UTF-8和彩色打印问题

Question

I have a console program that outputs in wonderful colour. 我有一个控制台程序，可以输出美妙的色彩。 For errors, the following code is used with some trivial examples at the bottom. 对于错误，下面的代码与底部的一些简单示例结合使用。

# coding: utf-8
from __future__ import absolute_import
from __future__ import division
from __future__ import print_function
from __future__ import unicode_literals
from sys import stderr
from colored import fg
from colored import attr
from locale import getpreferredencoding

def format_error(x):
    return '{0}{1}{2}'.format(fg(88), x, attr('reset'))

def print_error(x):
    msg = format_error('✗  {0}\n'.format(x))
    stderr.write(msg.encode(getpreferredencoding()))

print_error(str('ook'))
print_error(unicode(b'café', 'UTF-8'))

I have no control over that x is. 我无法控制x 。 It could be anything. 可能是任何东西。 Also, some of this script is called from a GUI that captures stdout / stderr via glib-spawn-async . 另外，此脚本中的某些脚本是通过GUI调用的，该GUI通过glib-spawn-async捕获stdout / stderr 。 As such, from time to time, I get UnicodeDecodeError errors. 因此，我有时会收到UnicodeDecodeError错误。 I have read the Unicode HOWTo but clearly I am missing something. 我已经阅读了Unicode HOWTo，但显然我缺少一些东西。
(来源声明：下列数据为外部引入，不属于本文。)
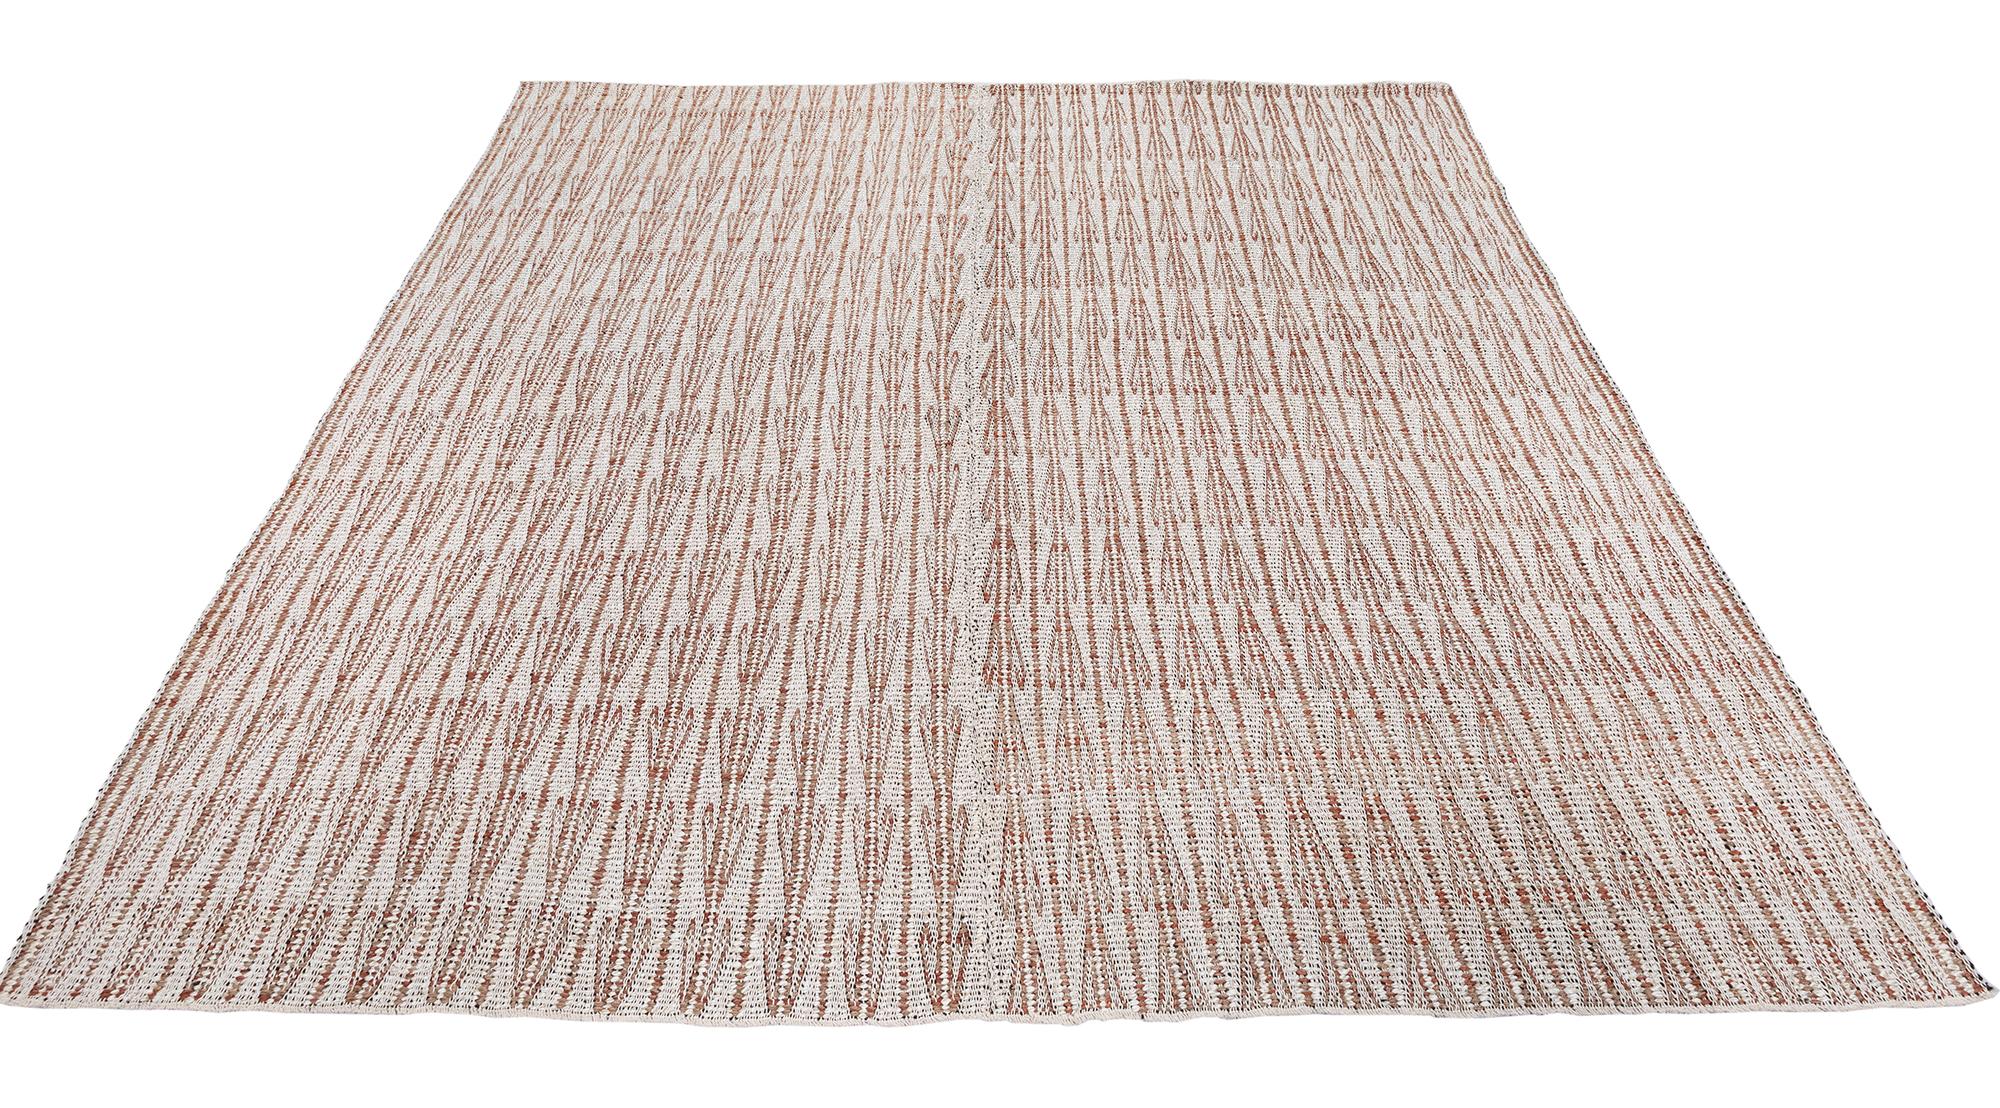 Ricci Tribal Flatweave Rug In New Condition For Sale In New York, NY

How can I harden my code such that UnicodeDecodeError are never raised? 我如何加强我的代码，使之永远不会引发UnicodeDecodeError ？

For example, within a gtk.textview , I get the following whereas on the console, all is fine. 例如，在gtk.textview ，我得到了以下内容，而在控制台上，一切都很好。 Trace has been cut to remove irrelevant data. 跟踪已被删除，以删除无关的数据。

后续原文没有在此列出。